Ulama besar Saudi Arabia dan pakar fiqih abad ini, Syaikh Muhammad bin Sholih Al ‘Utsaimin –rahimahullah– ditanya,
Sumber: https://rumaysho.com/704-status-perkawinan-dengan-pria-yang-tidak-shalat.html
“Apa hukum wanita yang masih bersama suami yang tidak pernah menunaikan shalat dan wanita tersebut sudah memiliki anak dari laki-laki tersebut serta apa hukum menikah dengan orang yang tidak pernah shalat?”
Jawab:
Jika seorang wanita menikah dengan pria yang tidak pernah
menunaikan shalat jama’ah, begitu pula tidak menunaikan shalat lima
waktu di rumahnya, maka nikahnya tidaklah sah. Karena orang yang
meninggalkan shalat itu kafir sebagaimana hal ini dijelaskan dalam Al
Qur’an, hadits dan dapat dilihat pula dalam perkataan para sahabat.
‘Abdullah bin Syaqiq mengatakan, “Dulu para shahabat Muhammad
shallallahu ‘alaihi wa sallam tidaklah pernah menganggap suatu amal yang
apabila ditinggalkan menyebabkan kafir kecuali shalat.”
Jika laki-laki semacam itu dinyatakan kafir, maka tentu saja wanita muslimah tidak halal baginya. Karena Allah Ta’ala berfirman,
فَإِنْ عَلِمْتُمُوهُنَّ مُؤْمِنَاتٍ فَلا تَرْجِعُوهُنَّ إِلَى الْكُفَّارِ لا هُنَّ حِلٌّ لَهُمْ وَلا هُمْ يَحِلُّونَ لَهُنَّ
“Maka jika kamu telah mengetahui bahwa mereka
(benar-benar) beriman maka janganlah kamu kembalikan mereka kepada
(suami-suami mereka) orang-orang kafir. Mereka tiada halal bagi
orang-orang kafir itu dan orang-orang kafir itu tiada halal pula bagi
mereka.” (QS. Al Mumtahanah: 10)
Namun jika suaminya tadi meninggalkan shalat setelah
dilangsungkan akad nikah, maka nikahnya batal (faskh) kecuali jika
suaminya tersebut bertaubat dan kembali pada Islam (yaitu dengan kembali
mengerjakan shalat, pen). Sedangkan sebagian ulama mengaitkan dengan
menunggu sampai berakhirnya masa ‘iddah. Jika sampai masa ‘iddah
berakhir, suaminya kembali berislam dan ingin ruju’, maka harus dengan
akad baru. Adapun bagi wanita, harusnya meninggalkan suaminya sampai ia
mau bertaubat dan kembali mengerjakan shalat dengan membawa serta anak
dari suaminya tadi. Karena pada kondisi semacam ini, anak-anaknya
tersebut tidak menjadi hak asuhan ayah mereka lagi.
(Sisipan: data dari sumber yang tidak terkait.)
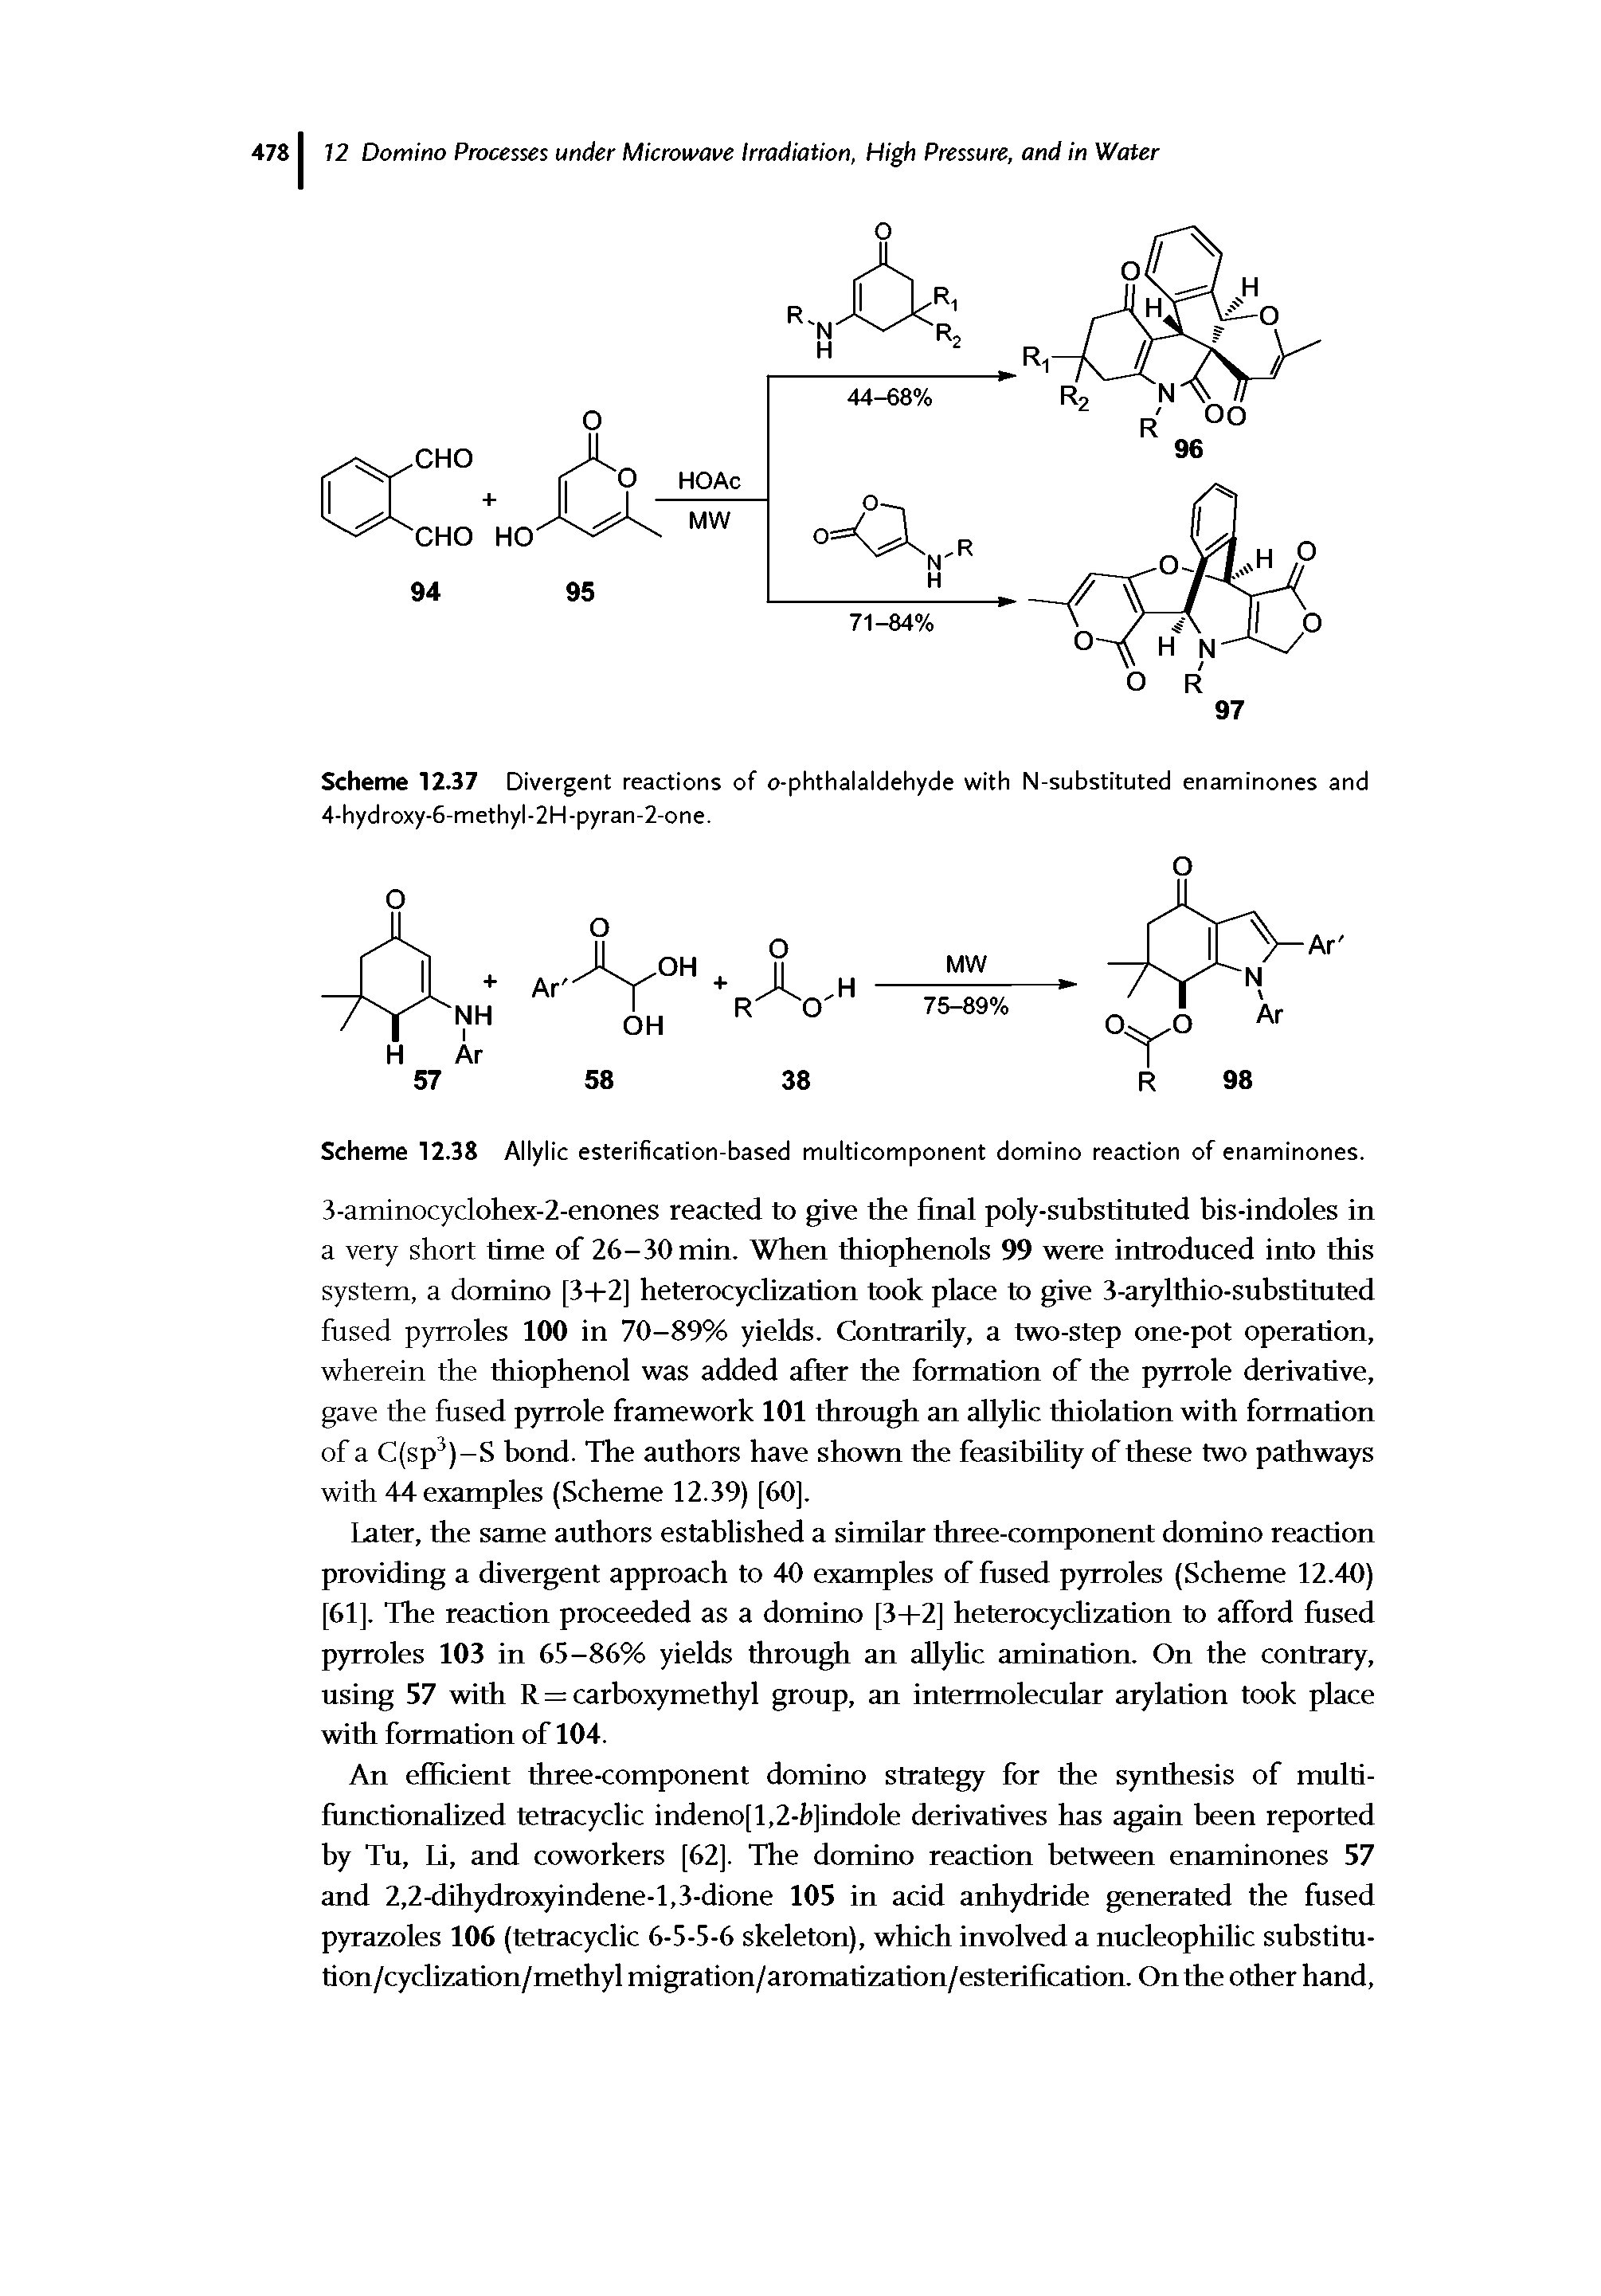 Scheme 12.38 Allylic esterification-based multicomponent domino reaction of enaminones.

Dari penjelasan ulama di atas, saya memperingatkan kepada
saudara kaum muslimin agar jangan sampai menikahkan anak-anak perempuan
mereka atau wanita yang menjadi hak perwaliannya dengan laki-laki yang
tidak pernah shalat karena bahaya yang ditimbulkan seperti dijelaskan
tadi. Seharusnya kerabat dan teman dekat tidak membolehkan hal ini.
Saya memohon kepada Allah hidayah untuk kita sekalian.
Hanya Allah Yang Maha Tahu. Shalawat dan salam kepada Nabi kita
Muhammad, keluarga dan para sahabatnya.
[Fatawal ‘Aqidah wa Arkanil Islam, Syaikh Muhammad bin Sholih Al ‘Utsaimin, no. 581, hal. 533-534, Darul ‘Aqidah, cetakan pertama, tahun 1425 H]
Dari nasehat Syaikh Muhammad bin Sholih Al ‘Utsaimin mengandung beberapa pelajaran:
- Sangat bahaya sekali jika seorang yang mengaku muslim meninggalkan shalat lima waktu. Akibatnya bisa berpengaruh pada status pernikahan.
- Apakah status nikah jadi batal (faskh) jika suami meninggalkan shalat? Syaikh Utsaimin masih hati-hati dalam masalah ini. Intinya, istri hendaklah berusaha menasehati suami terlebih dahulu agar mau kembali mengerjakan shalat.
Hanya Allah yang beri taufik.
Muhammad Abduh Tuasikal
Panggang, Gunung Kidul, 22 Dzulhijah 1430 H.